Task -
The answer must give back every line of the data exactly, with no pictures.

Recorded information -
□ □ □ □
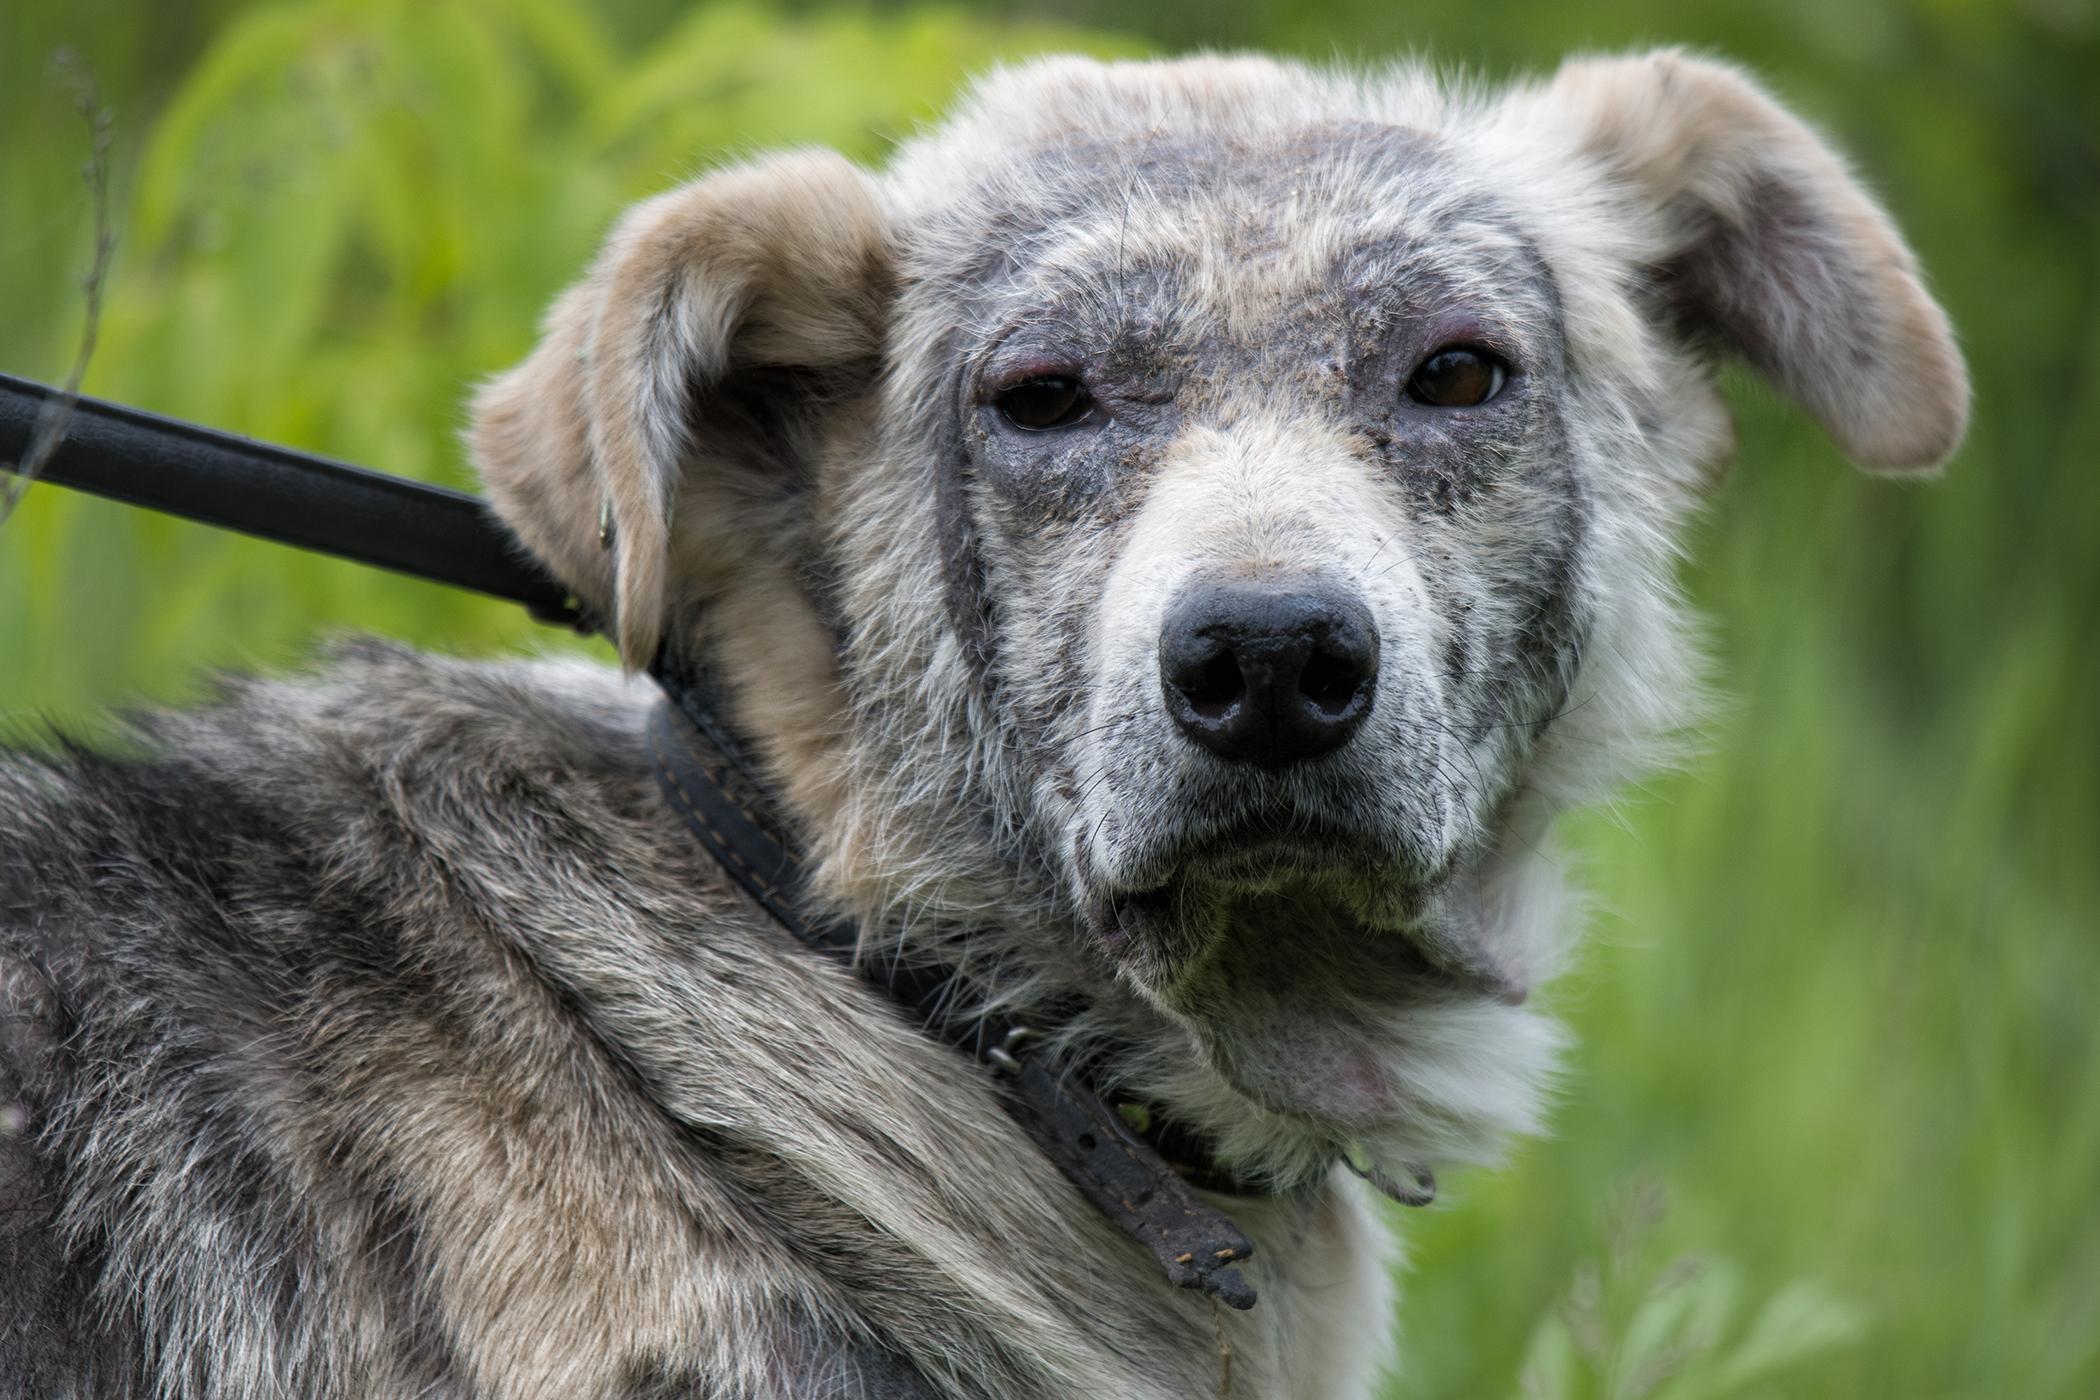 Sialoadenectomy in Dogs
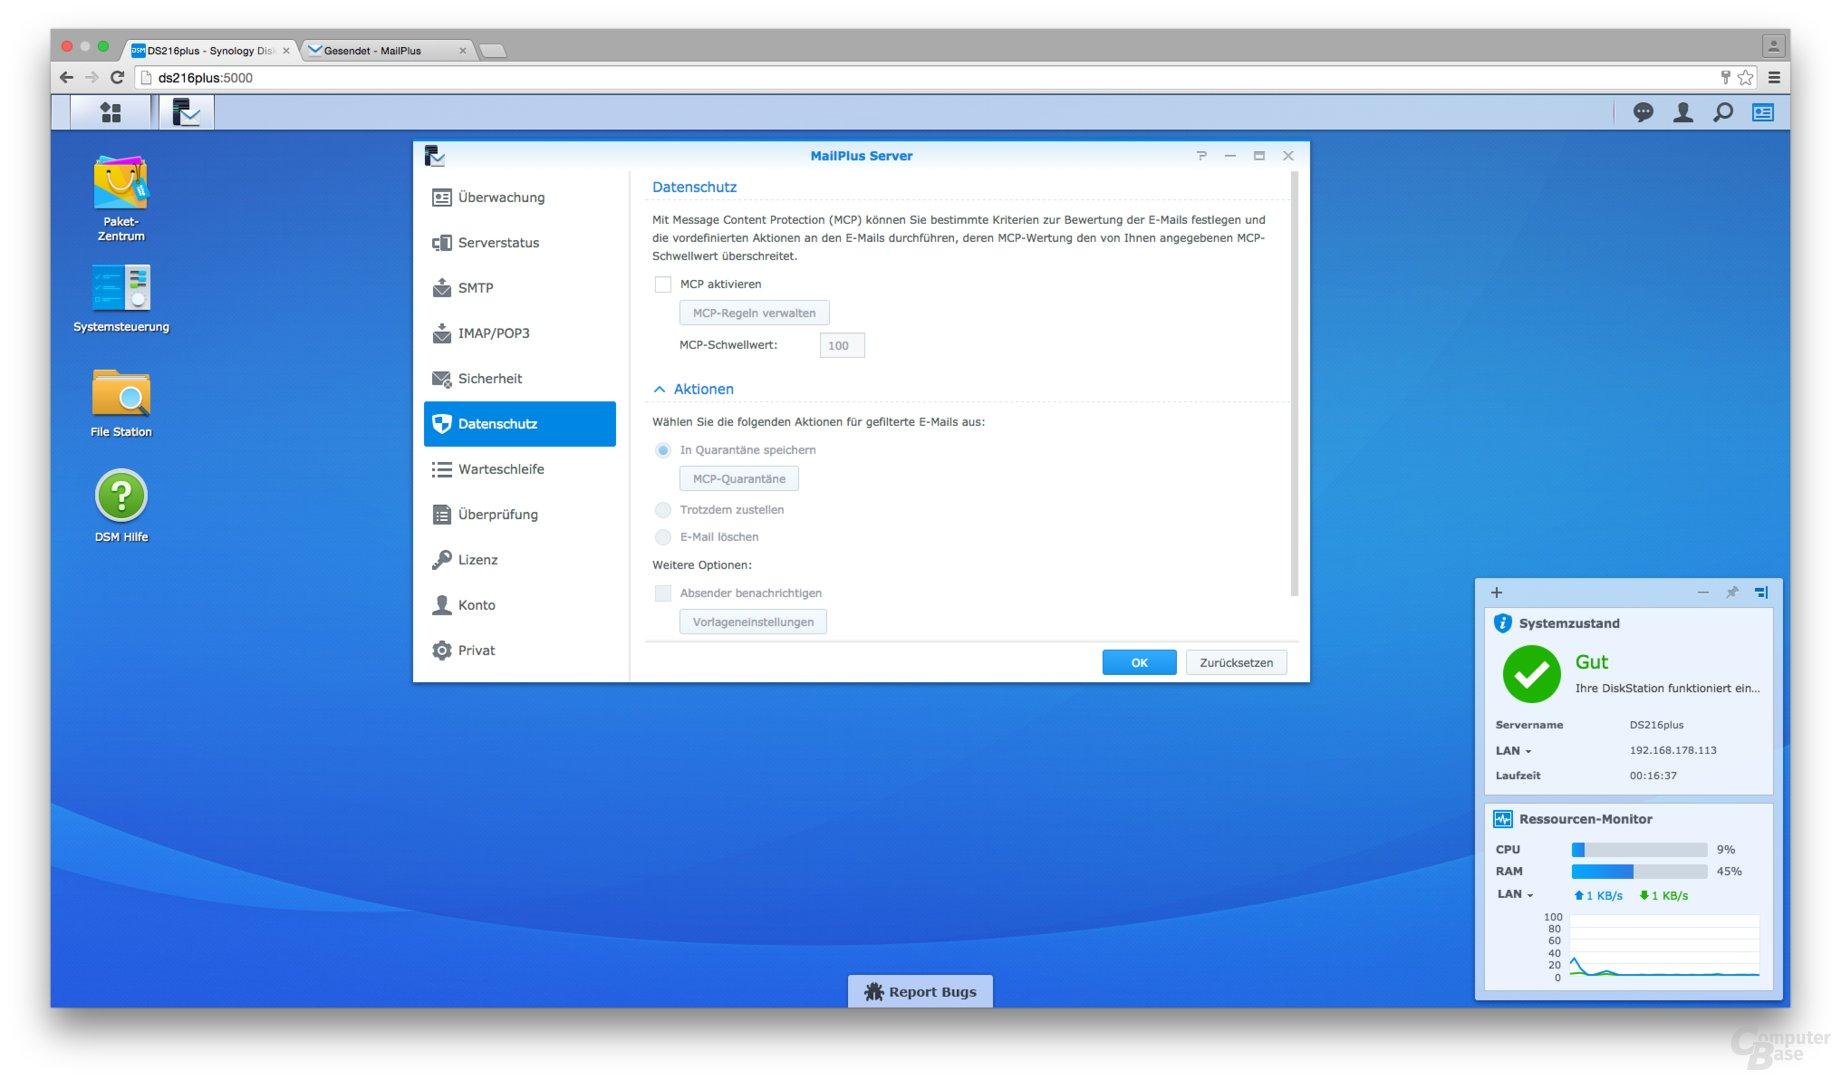 Synology DSM 6.0: MailPlus Server
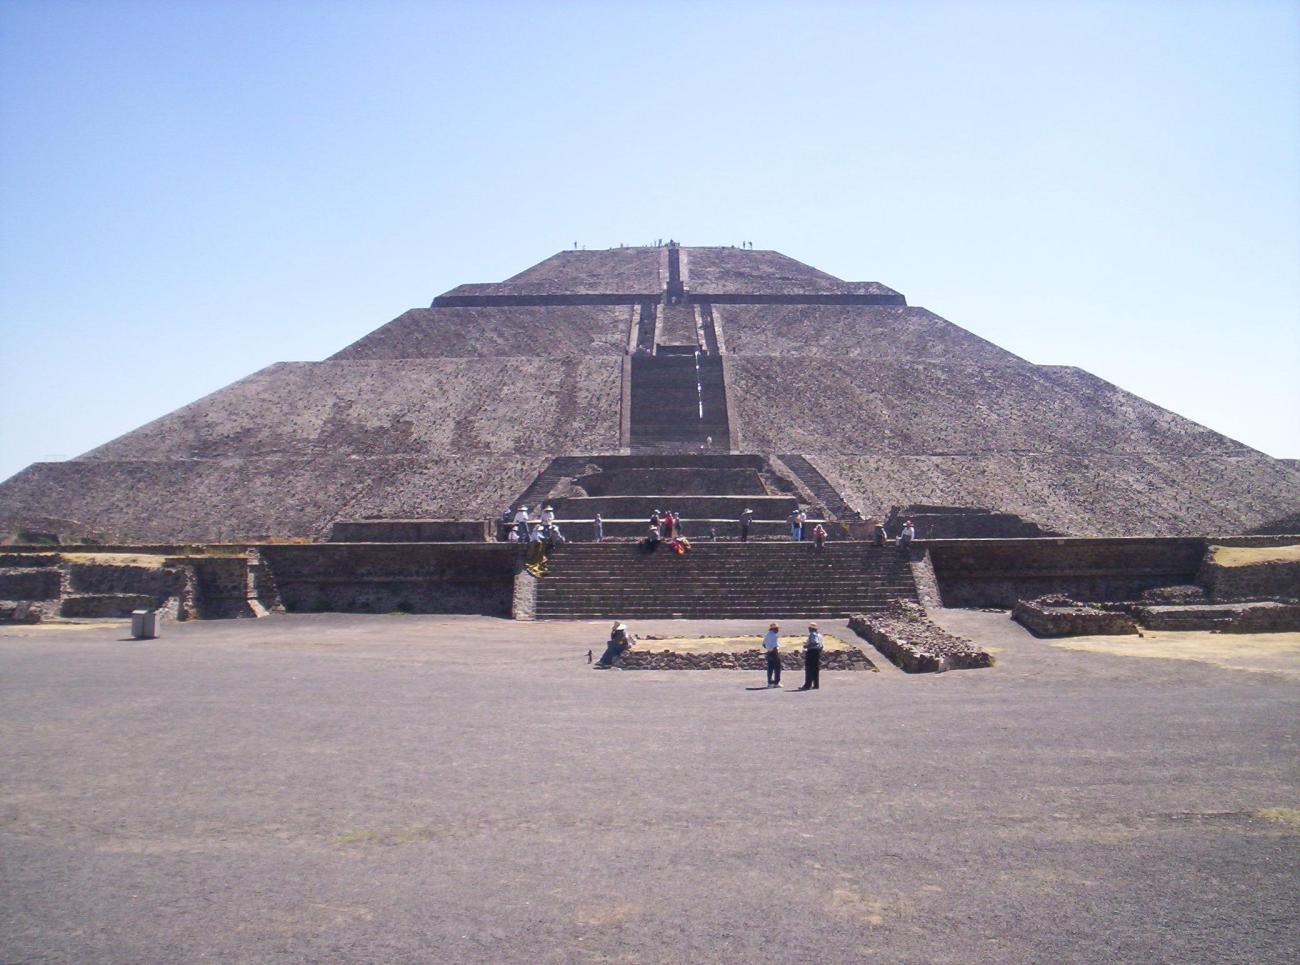 https://xochipilli.files.wordpress.com/2013/12/pirami-del-sol.jpg
□ □ □ □
Answer section -
 Sialoadenectomy in Dogs
 Synology DSM 6.0: MailPlus Server
 https://xochipilli.files.wordpress.com/2013/12/pirami-del-sol.jpg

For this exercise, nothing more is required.